1. A device for preparing graphene and hydrogen gas by converting plastic waste with Joule heat, comprising an airtight reaction chamber, a gas collecting system and a power control system, wherein the airtight reaction chamber comprises: a central quartz chamber configured to hold a conductive mixture, two refractory, gas permeable and conductive auxiliary electrodes arranged on the left and right sides of the conductive mixture, and two hollow electrodes inserted from the left and right sides of the conductive mixture, wherein a gas inlet pipeline is arranged outside the airtight reaction chamber and configured to transport inert protective gas into the airtight reaction chamber; the gas collecting system comprises: a filter cold trap configured to filter off solid particles and a waxy by-product and connected with an outer part of the hollow electrodes, a pressure-resistant gas collecting pipeline, a gas collecting unit, and a gas pressure control unit arranged on the pressure-resistant gas collecting pipeline and connected to the gas collecting unit, wherein the gas inlet pipeline of the airtight reaction chamber, the filter cold trap, and the pressure-resistant gas collecting pipeline of the gas collecting system are connected by a three-way valve, and the hollow electrodes, the filter cold trap, the three-way valve, and the pressure-resistant gas collecting pipeline together form an airtight passage; wherein the power control system is configured to regulate an output voltage, an on-off state, an on-off time and an on-off mode of a circuit according to resistance of the conductive mixture in the airtight reaction chamber.

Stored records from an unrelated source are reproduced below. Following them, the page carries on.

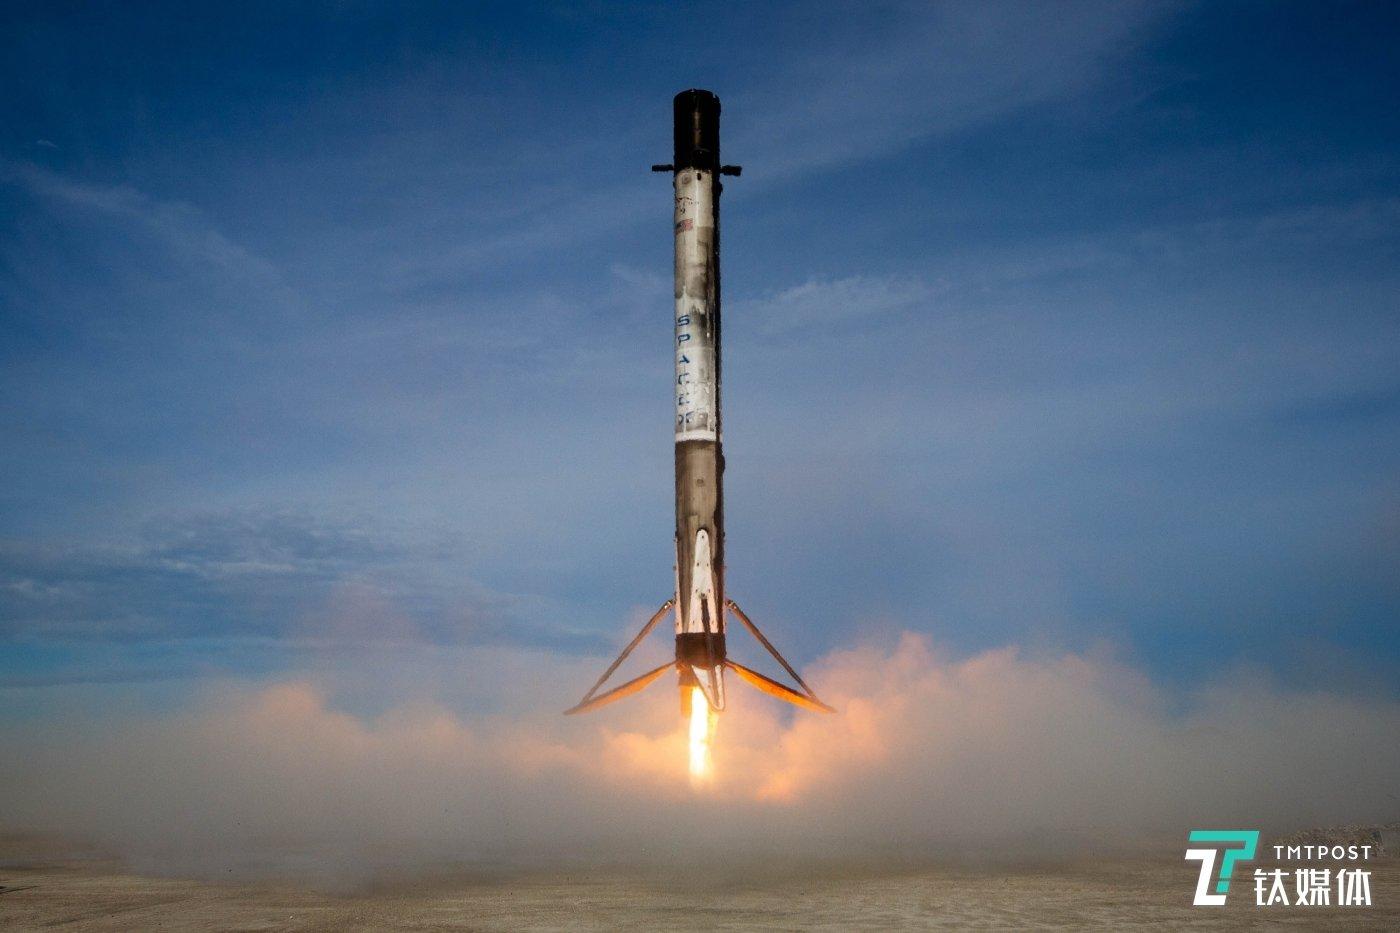 SpaceX的猎鹰火箭升空测试
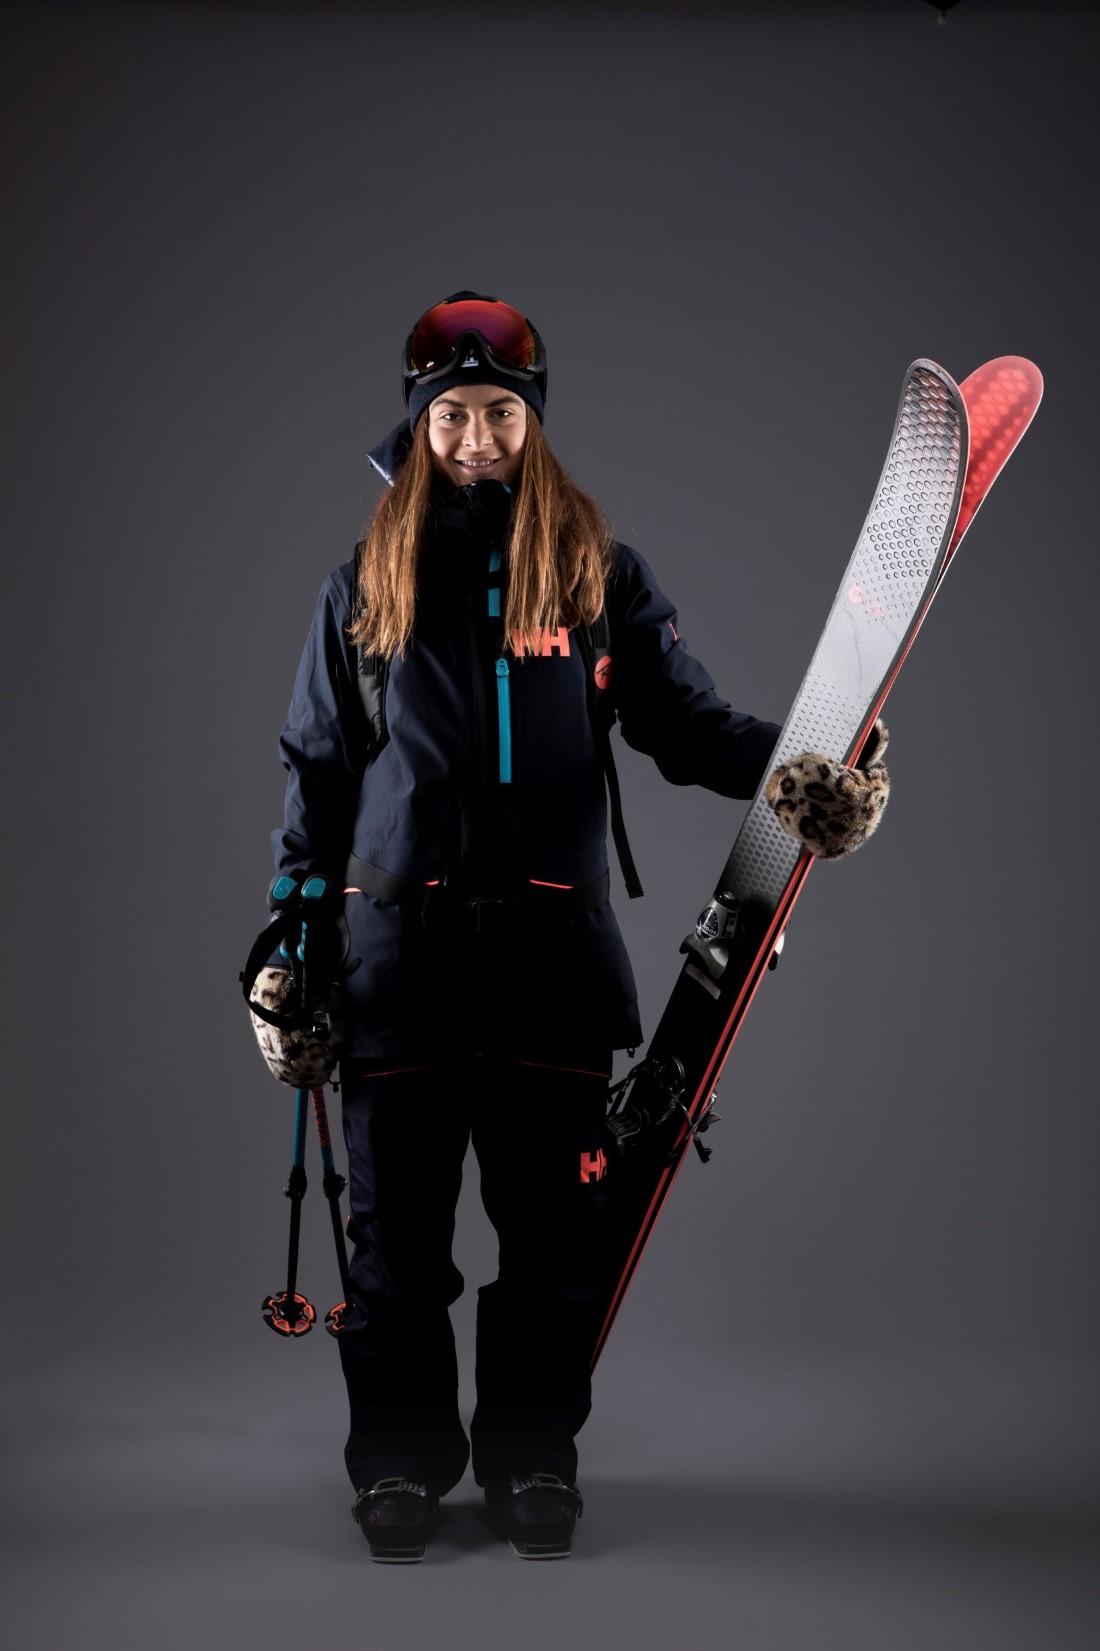 Alpina - Freeride World Tour 2021 - Juliette Willmann
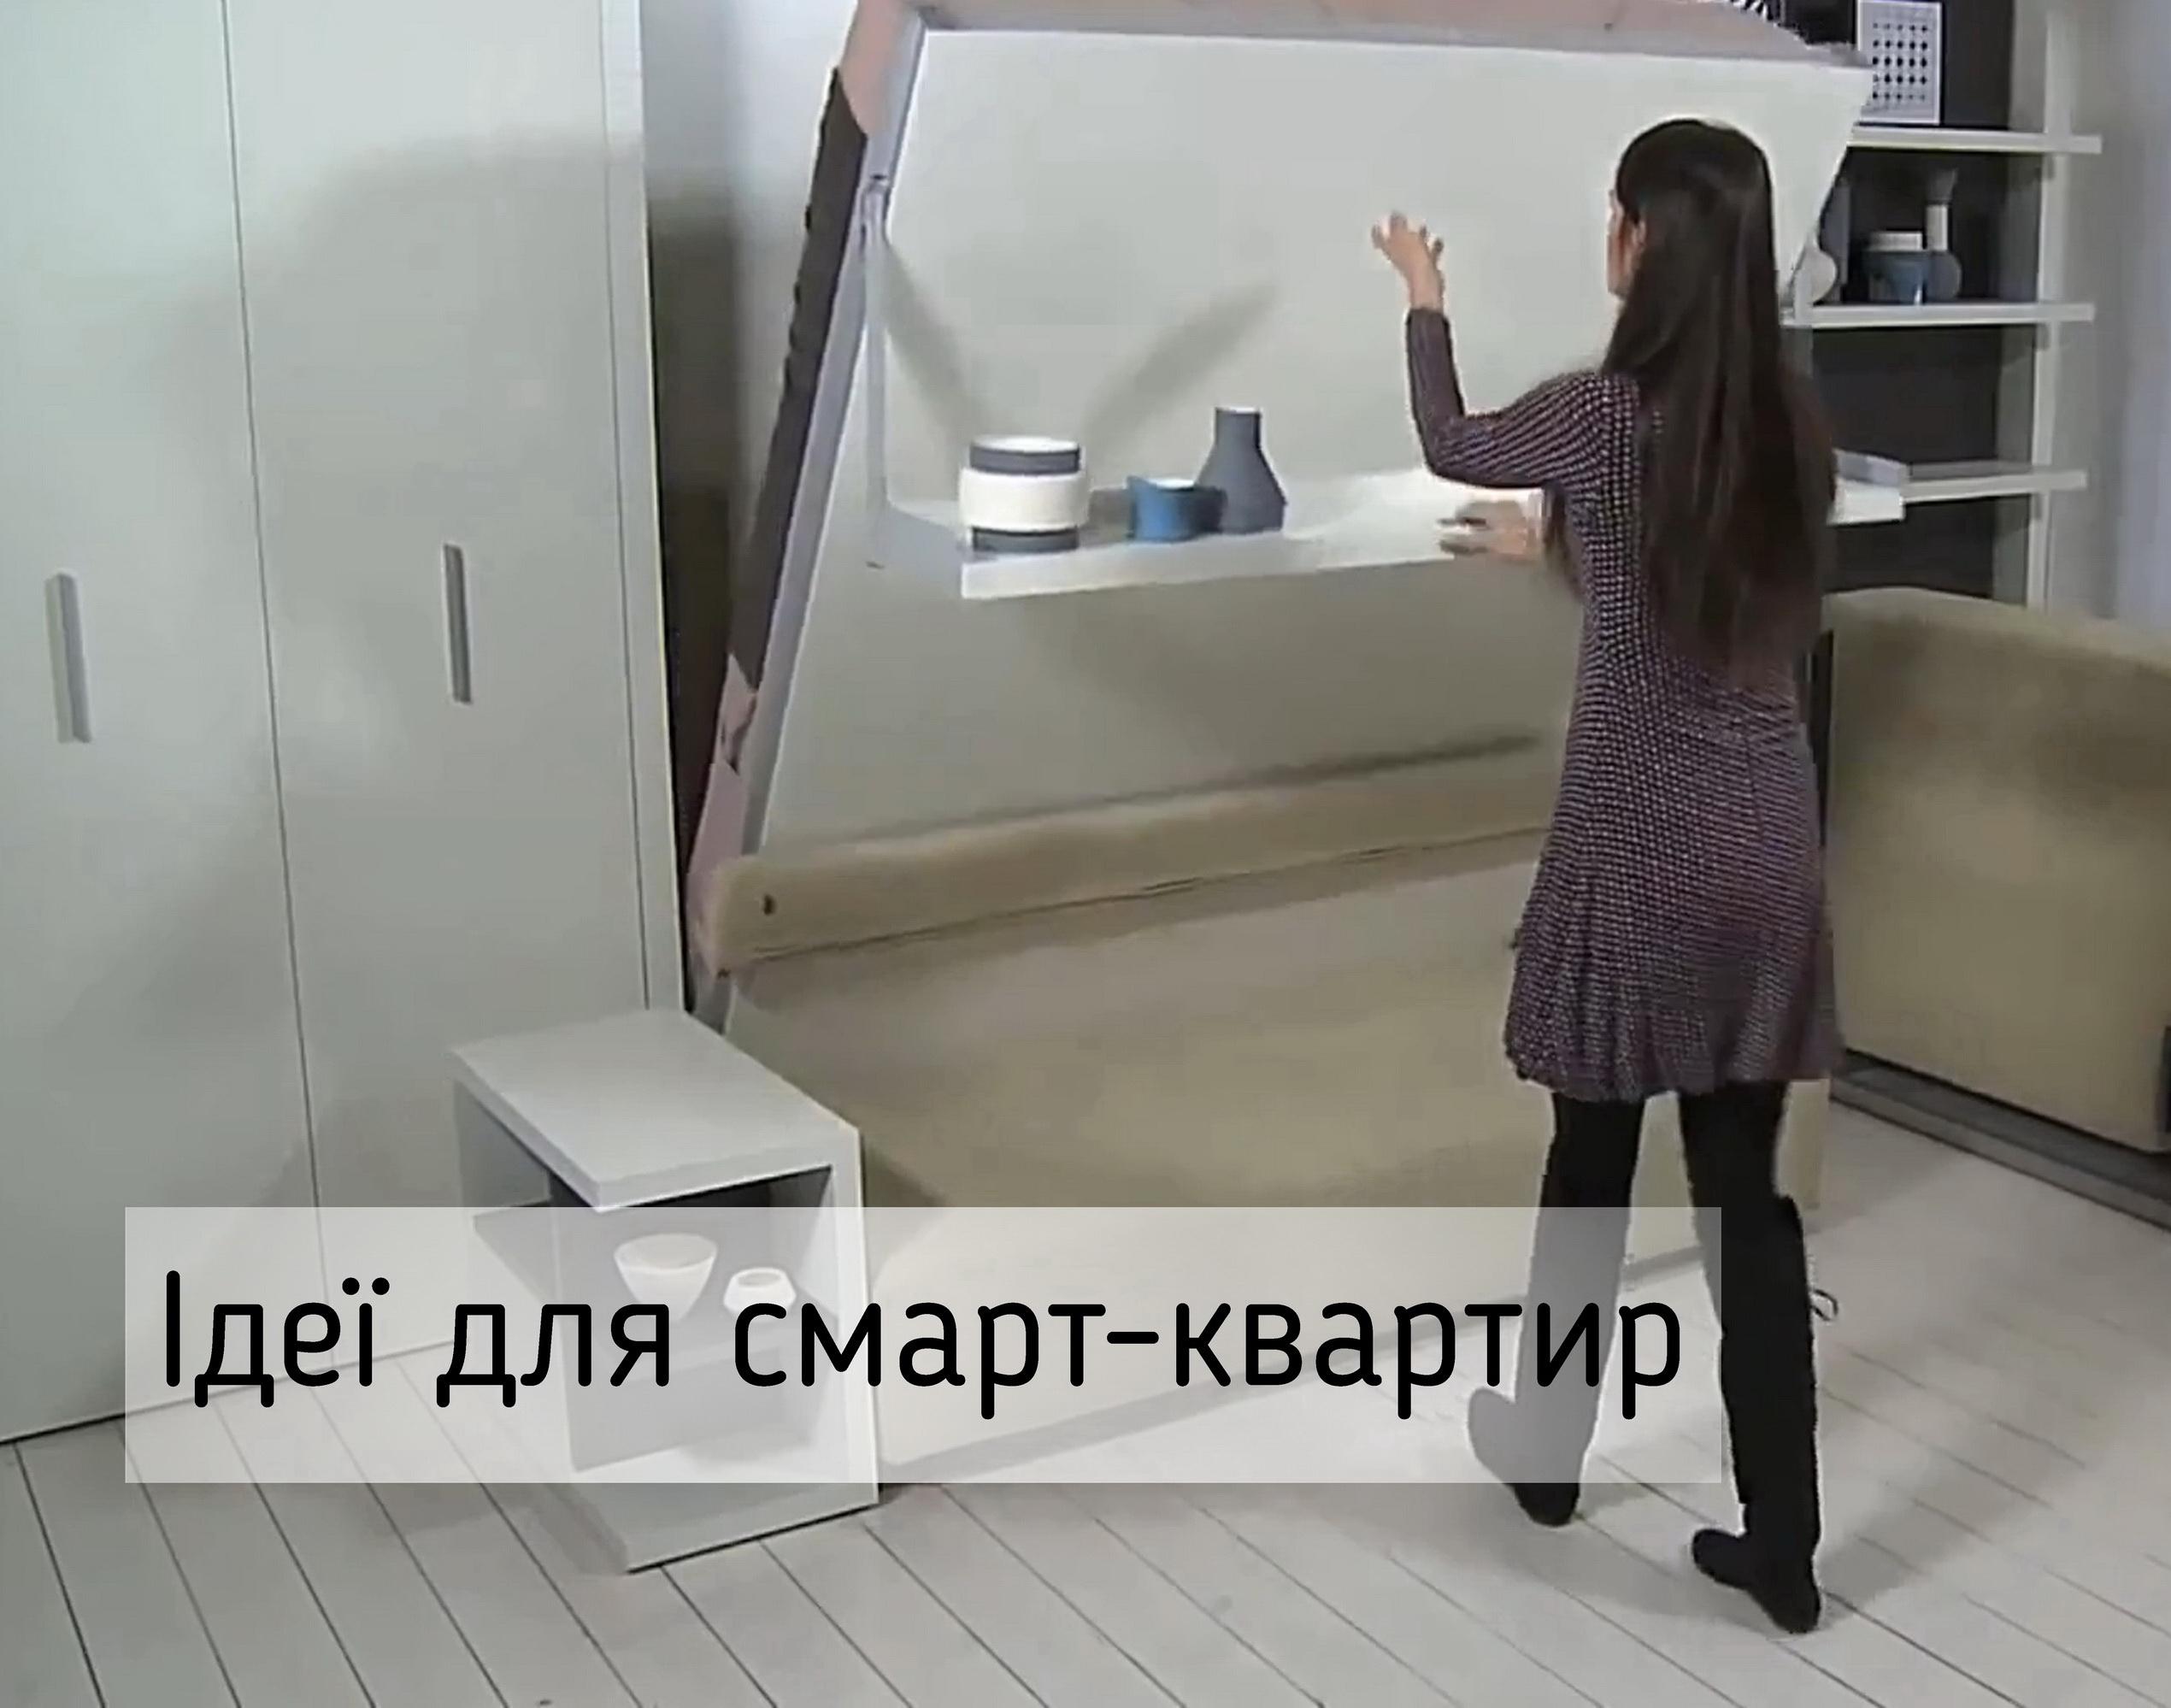 BT_qhNH6474
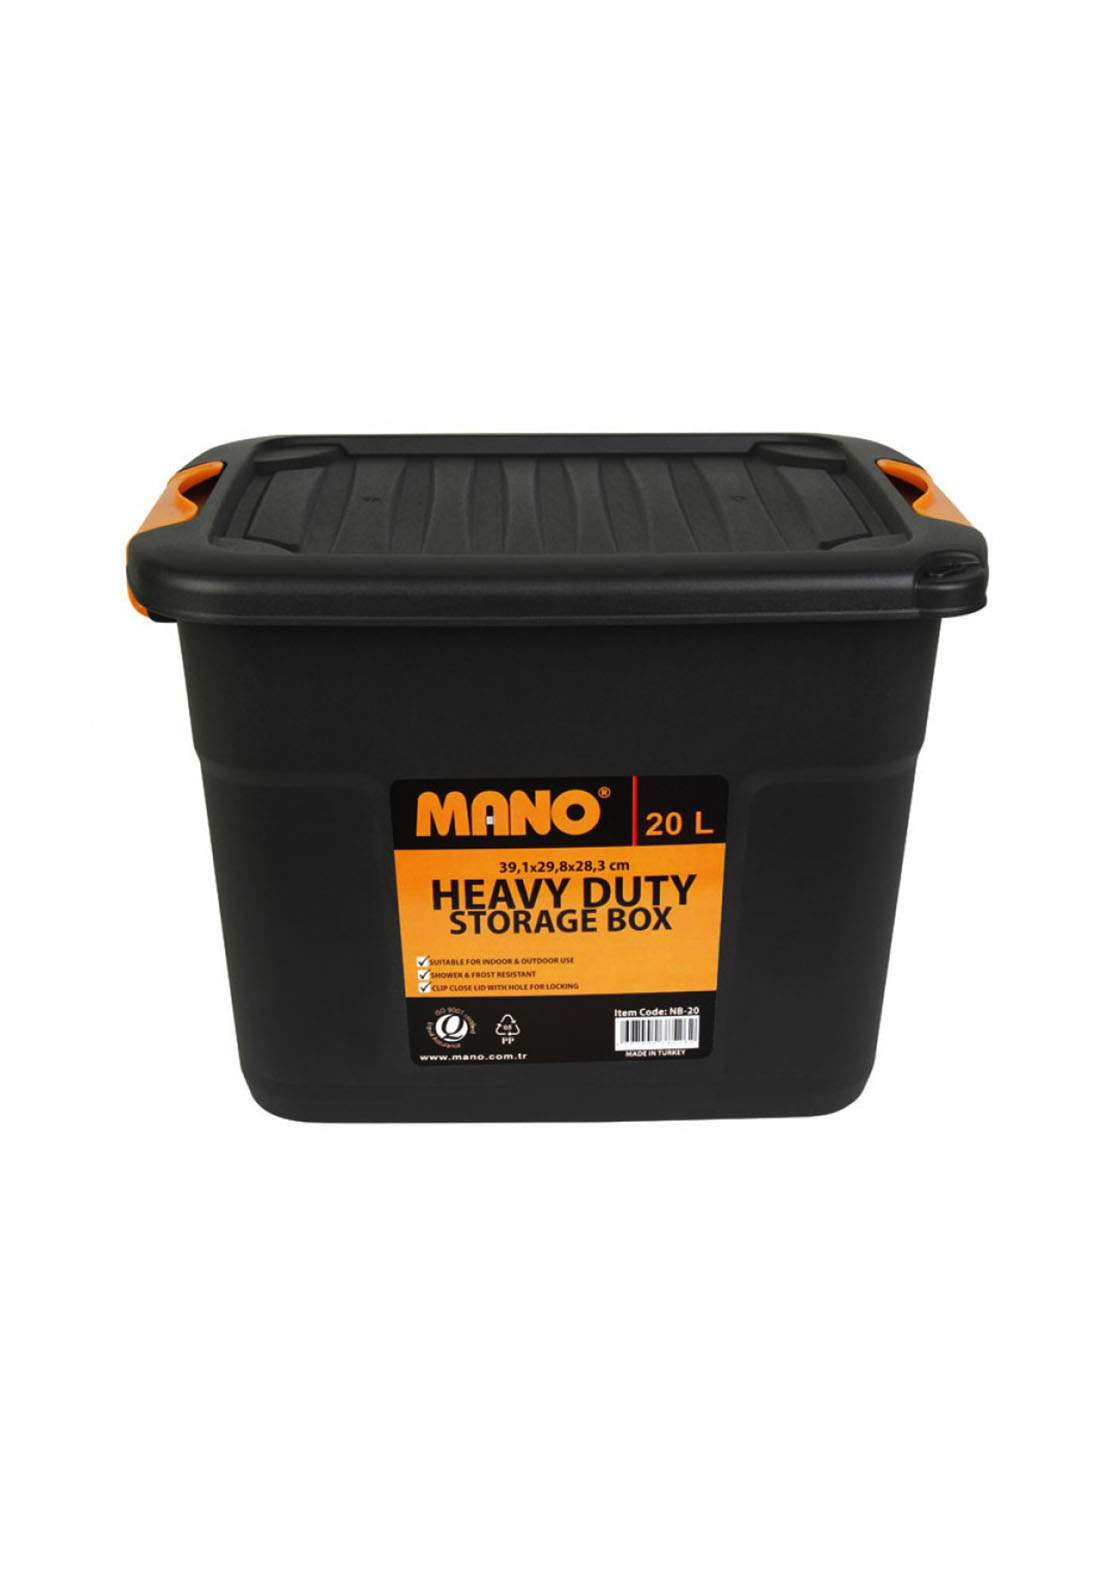 Mano NB-20 Storage Box 20L صندوق تخزين

2. The device for preparing graphene and hydrogen gas by converting plastic waste with Joule heat according to claim 1, wherein each of the hollow electrodes is closely attached to the corresponding refractory, gas permeable and conductive auxiliary electrode, a refractory silicone seal ring is provided between each of the hollow electrodes and the corresponding refractory, gas permeable and conductive auxiliary electrode, and has a distance of 10-20 mm from the corresponding refractory, gas permeable and conductive auxiliary electrode, and a gas barrier structure is formed by each refractory silicone seal ring together with an outer wall of the central quartz chamber and the corresponding hollow electrode, to restrict gas in the central quartz chamber to entering or exiting only from a passage inside each of the hollow electrodes.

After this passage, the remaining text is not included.